For a more realistic example (not run), one might do something like:
data(spike, package="spiky"); bam <- "2021_ctl.hg38_withSpikes.bam"; ssb_res <- scan_spiked_bam(bam, mapq=20, spike=spike);
An extract from the resulting ssb_res
object is available via
data(ssb_res, package="spiky");
The full ssb_res is a GRangesList object with 300bp-binned coverage on the standard (chr1-22, chrX, chrY, chrM) chromosomes (as determined by the GenomeInfoDb::standardChromosomes() function against the assembly defined in the BAM or CRAM file, by default; if desired, a user can scan all genomic contigs by setting standard=FALSE when calling the function). By default, the mean base-level coverage of genomic bins is reported, and the maximum spike-level coverage is reported, though this can also be adjusted as needed. The results then inform the reliability of measurements from replicate samples in multiple labs, as well as the adjusted quantitative coverage in each bin once the absolute quantity of captured cell-free methylated DNA has been fit by model_glm_pmol and predict_pmol. In some sense, this function converts BAMs/CRAMs into usable data structures for high-throughput standardized cfMeDIP experiments.
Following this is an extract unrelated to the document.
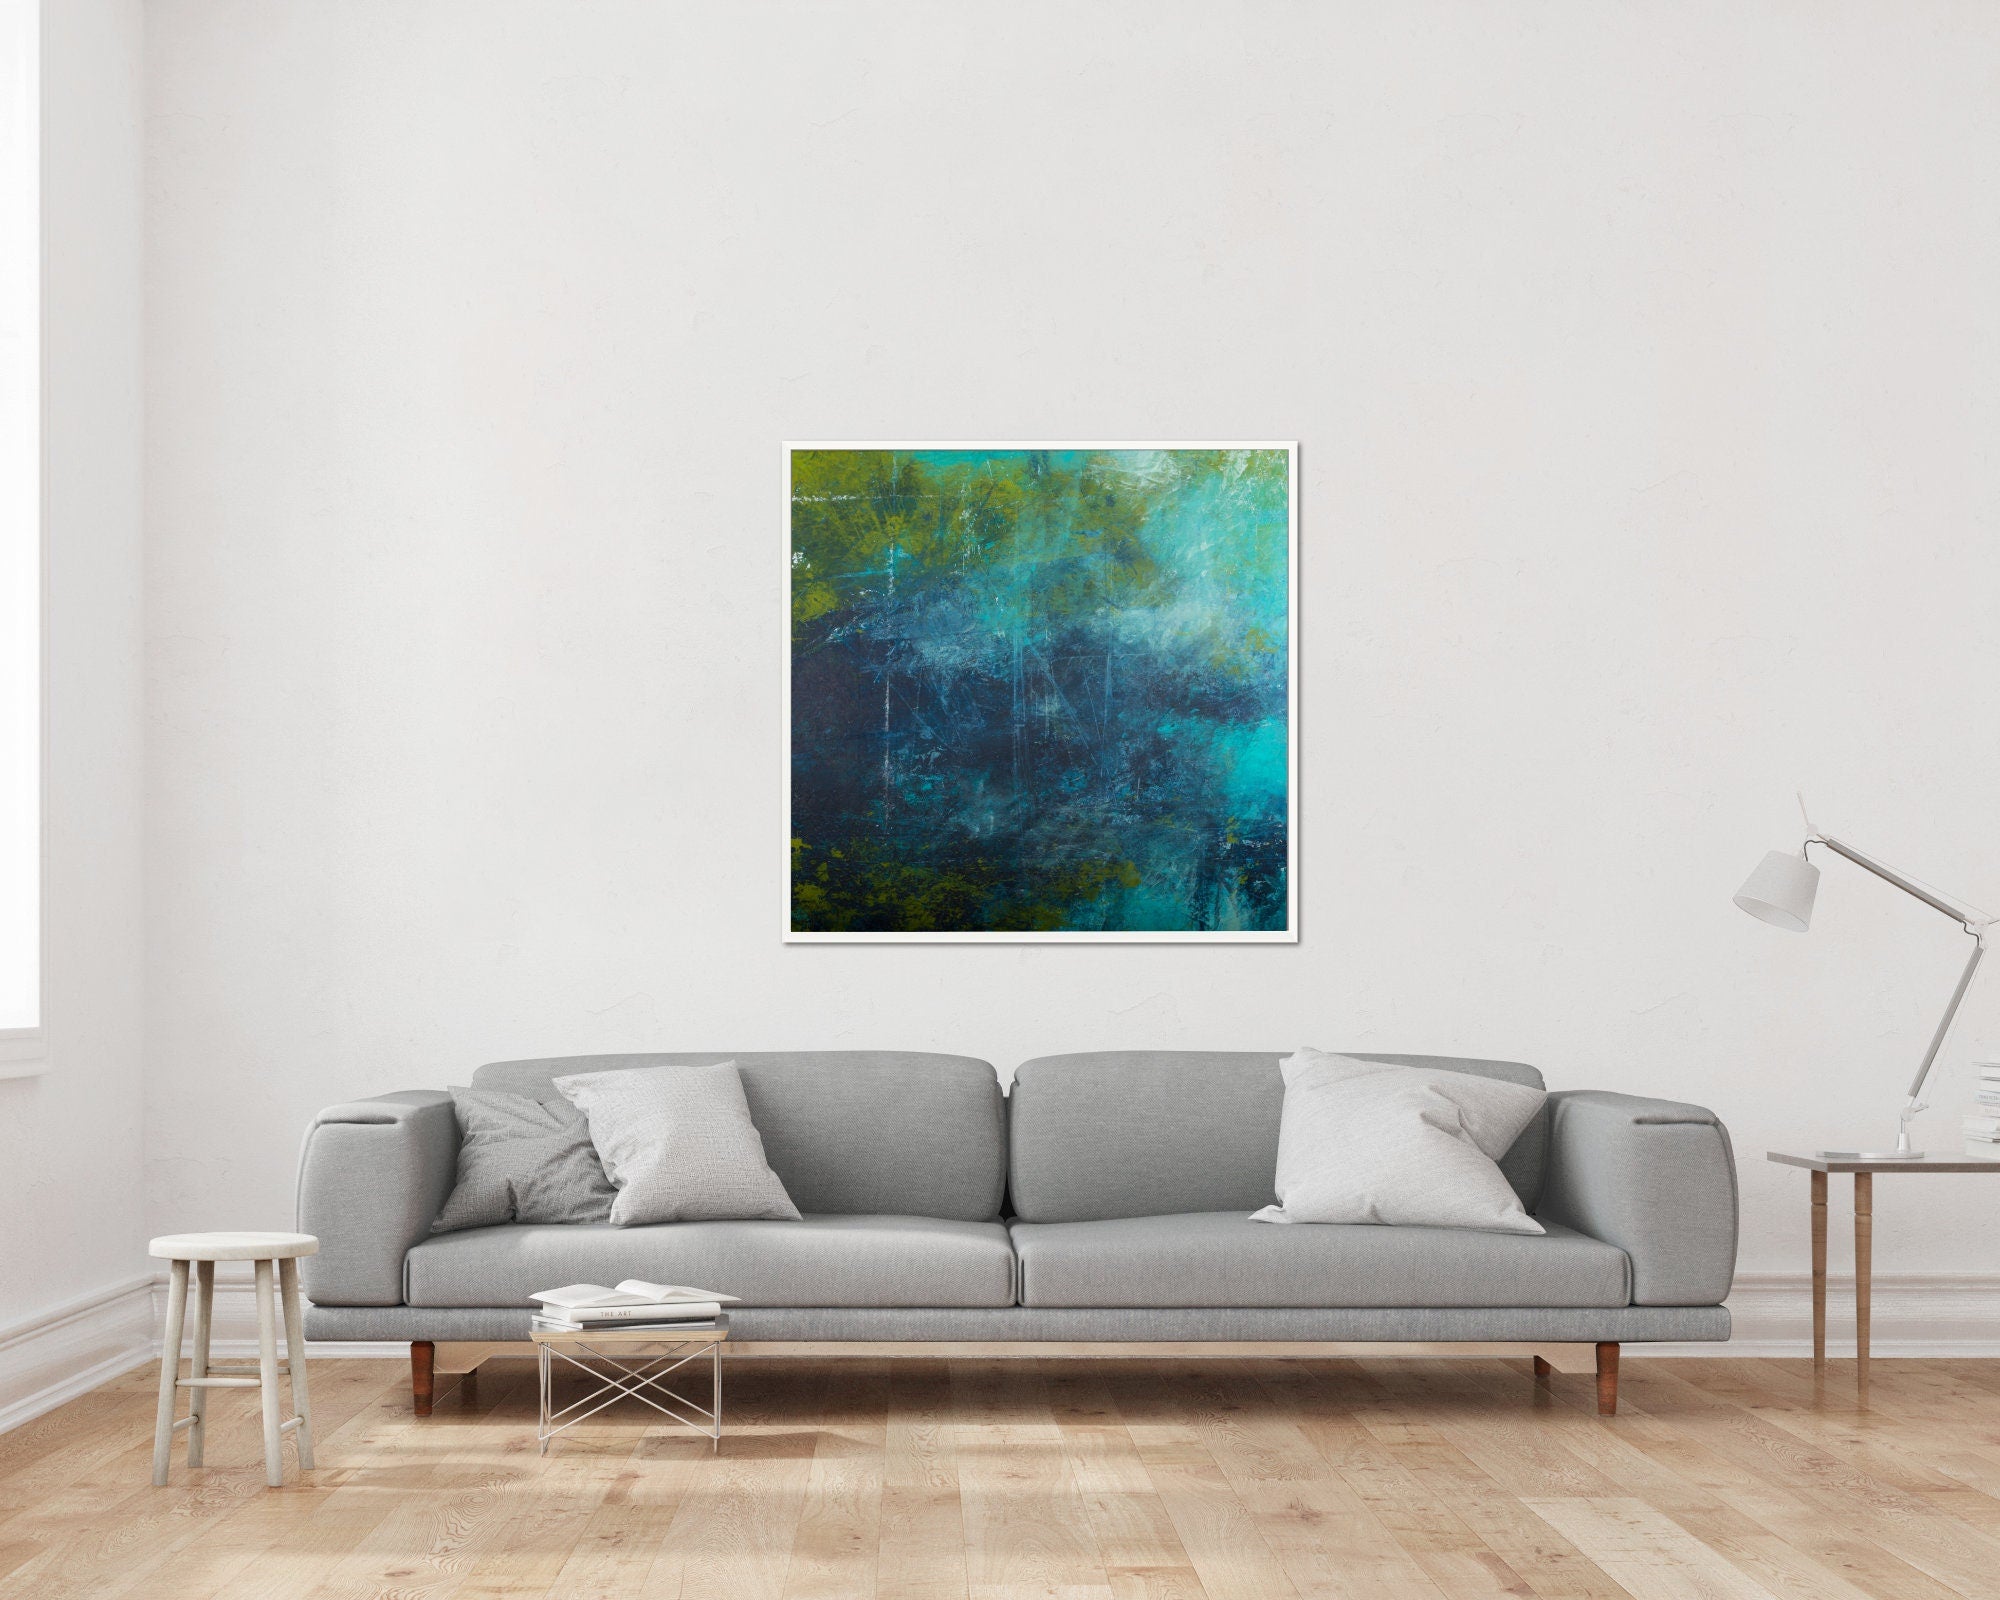 Teal extra large wall art, original abstract art painting on canvas, Teal green fine art, wall art canvas, Teal wall art

The data extract used in other examples is the same as the full version, with the sole difference being that genomic bins are limited to chr22.
a CompressedGRangesList with bin- and spike-level coverage
GenomeInfoDb::keepStandardChromosomes
Rsamtools::ScanBamParam
library(GenomicRanges) data(spike, package="spiky") sb <- system.file("extdata", "example.spike.bam", package="spiky", mustWork=TRUE) res <- scan_spiked_bam(sb, spike=spike, bins=GRanges()) summary(res$spikes$coverage)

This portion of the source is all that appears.